Brick announced to portside communities Tuesday that samples taken from four locations downwind of the fire are at the lab for analysis. Results are expected Wednesday, and additional samples should be collected Tuesday, Brick wrote in an email.
Metals require a more involved process to measure.
Analysts sample metals in the air through special filters, which capture tiny metal particles light enough to catch the wind Brick said because metals measurement is such an involved process, samples are drawn frequently but not analyzed every week.
“It takes time and we’re dealing with such small (measurements) that normally we spend a whole lot of time trying to make sure we know our (measurement) is good,” Brick said.
Brick said he had to check with the county’s chemists to see how long it will take to get answers on the metals content of the smoke.
In the meantime, Brick said the county put out a few portable air quality sensors Sunday night that measure smoke or dust particles, which are usually deployed only during wildfire events or special studies. That data is rolling in live, though it still takes time to transfer via satellite.
Brick said he expects to put additional monitors in National City after residents said they were impacted by the smoke.

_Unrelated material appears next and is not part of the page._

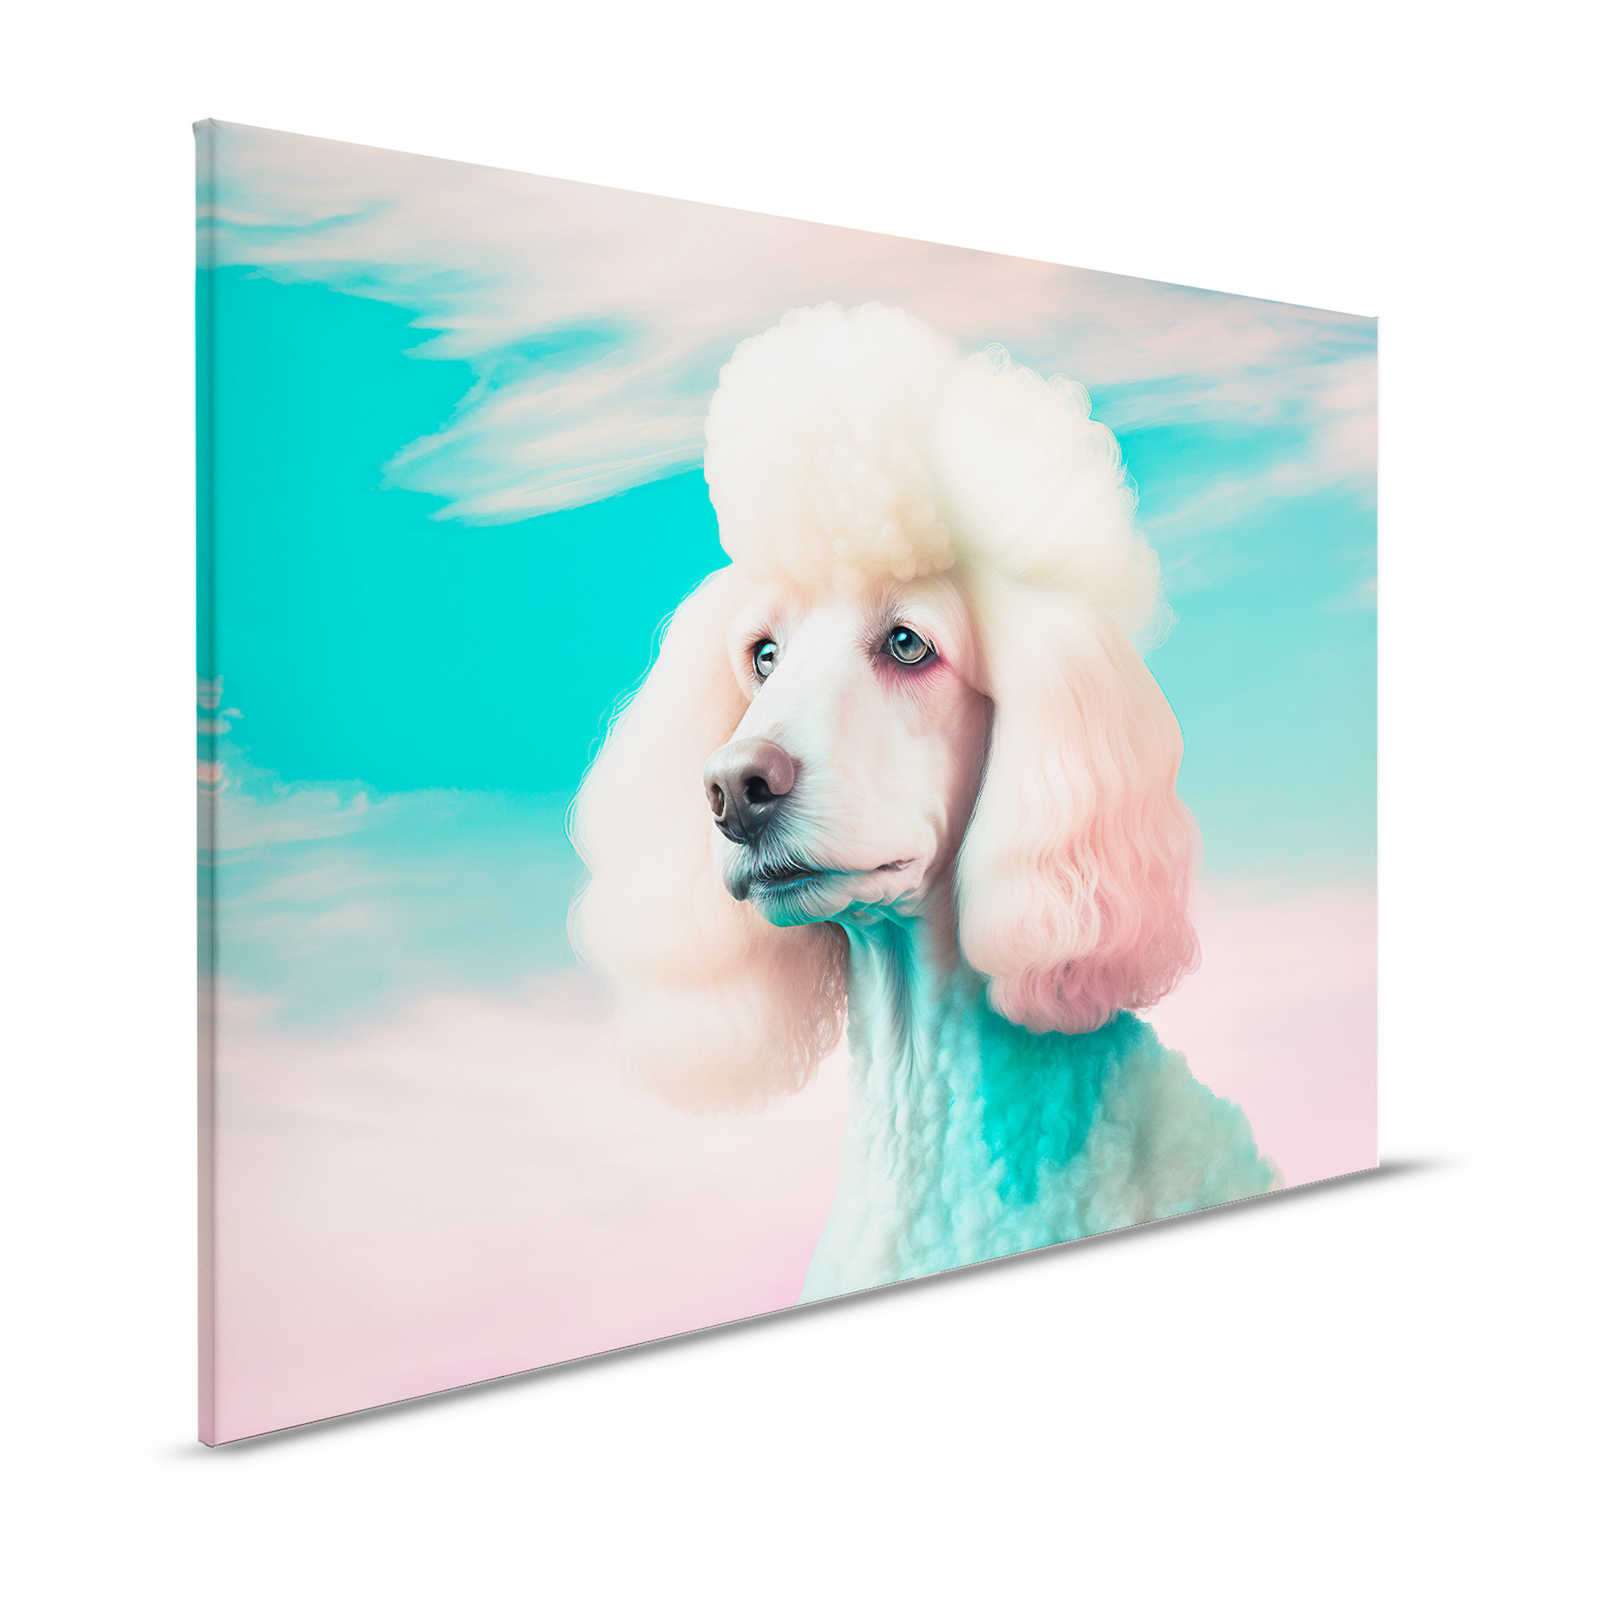 KI Cuadro »perro arco iris« - 120 cm x 80 cm
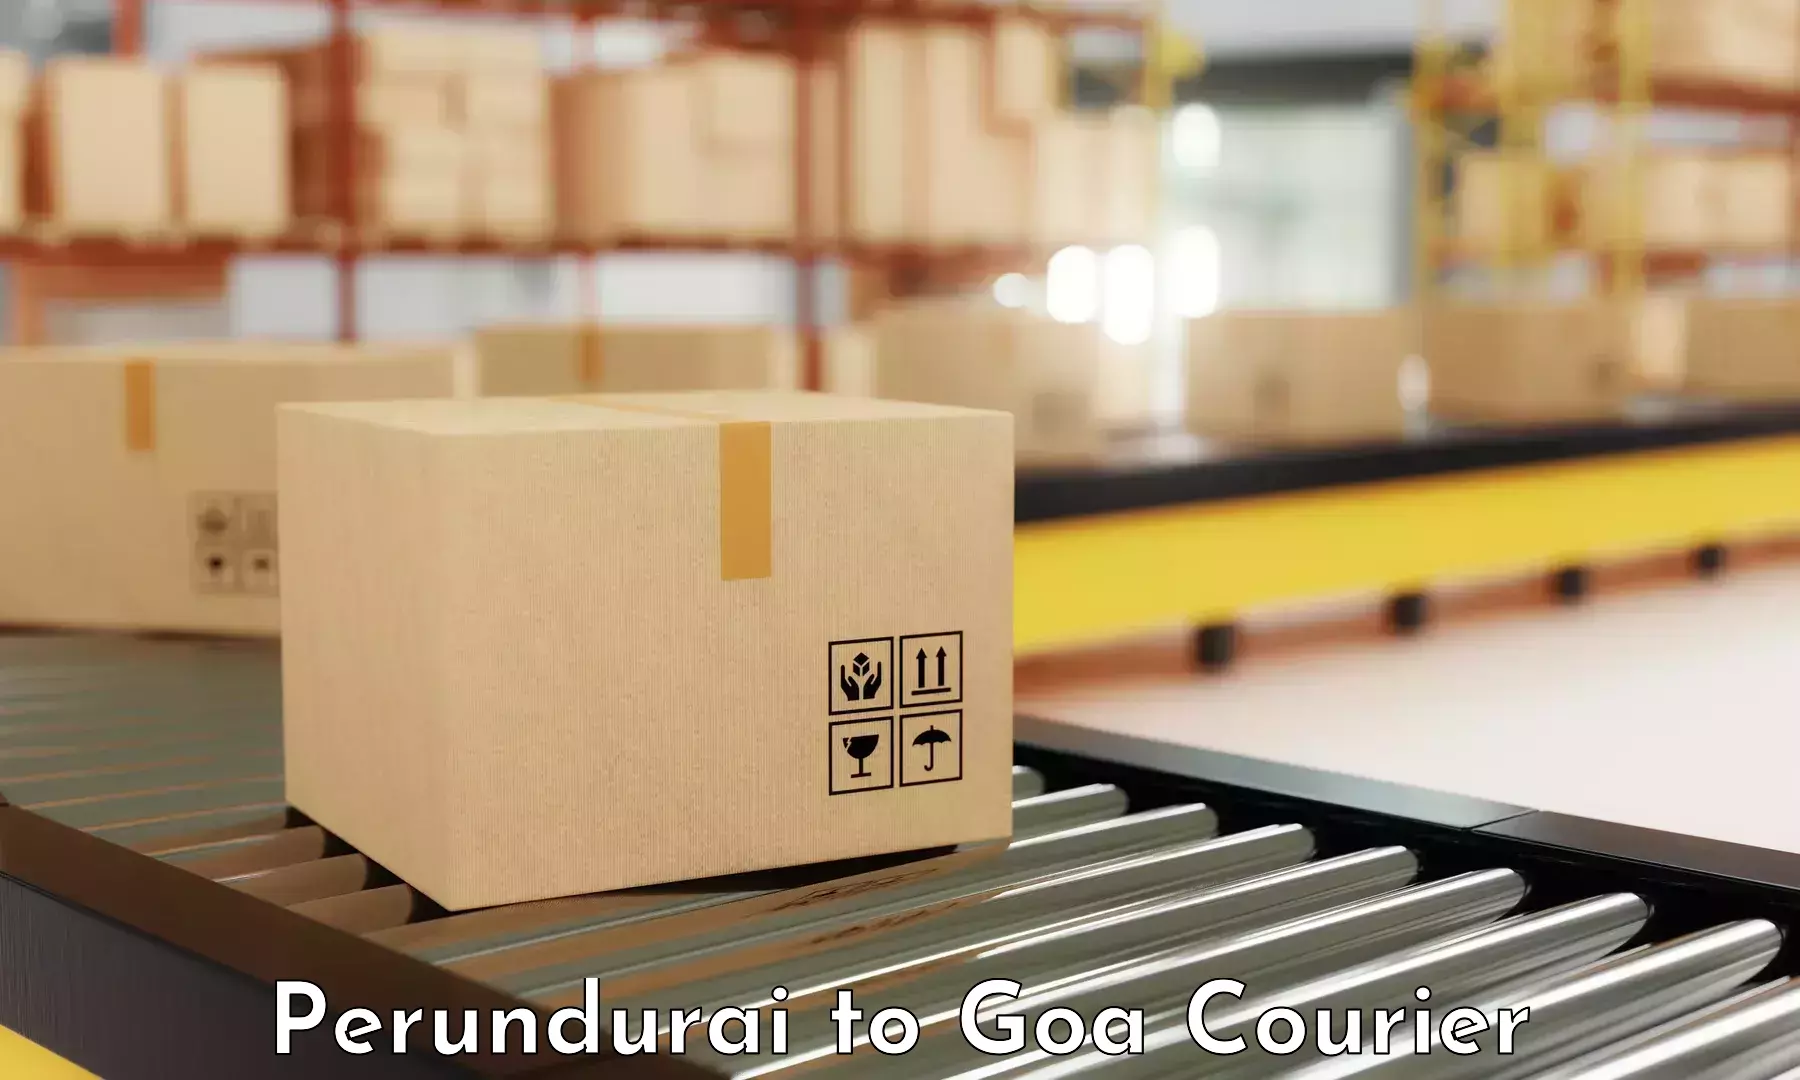 Urban courier service Perundurai to Bicholim

As of Tuesday, smoke from the fire dissipated some but not enough to quell concerns from community members. Barrio Logan residents, just adjacent to the port, reported nausea and headaches, according to the San Diego Union-Tribune.
The coalition said the county was “underprepared” and criticized officials for waiting until 2:30 p.m. Sunday to warn citizens living near the fire zone, several hours after it started, the group’s statement said.
The group called for an emergency monitoring plan with input from communities to deal with disasters of this scale. It also called on the Navy to release its findings regarding the cause and source of the fire as soon as possible.
“The community deserves to have complete information about the toxins in the fire and how those could harm their health,” the statement reads.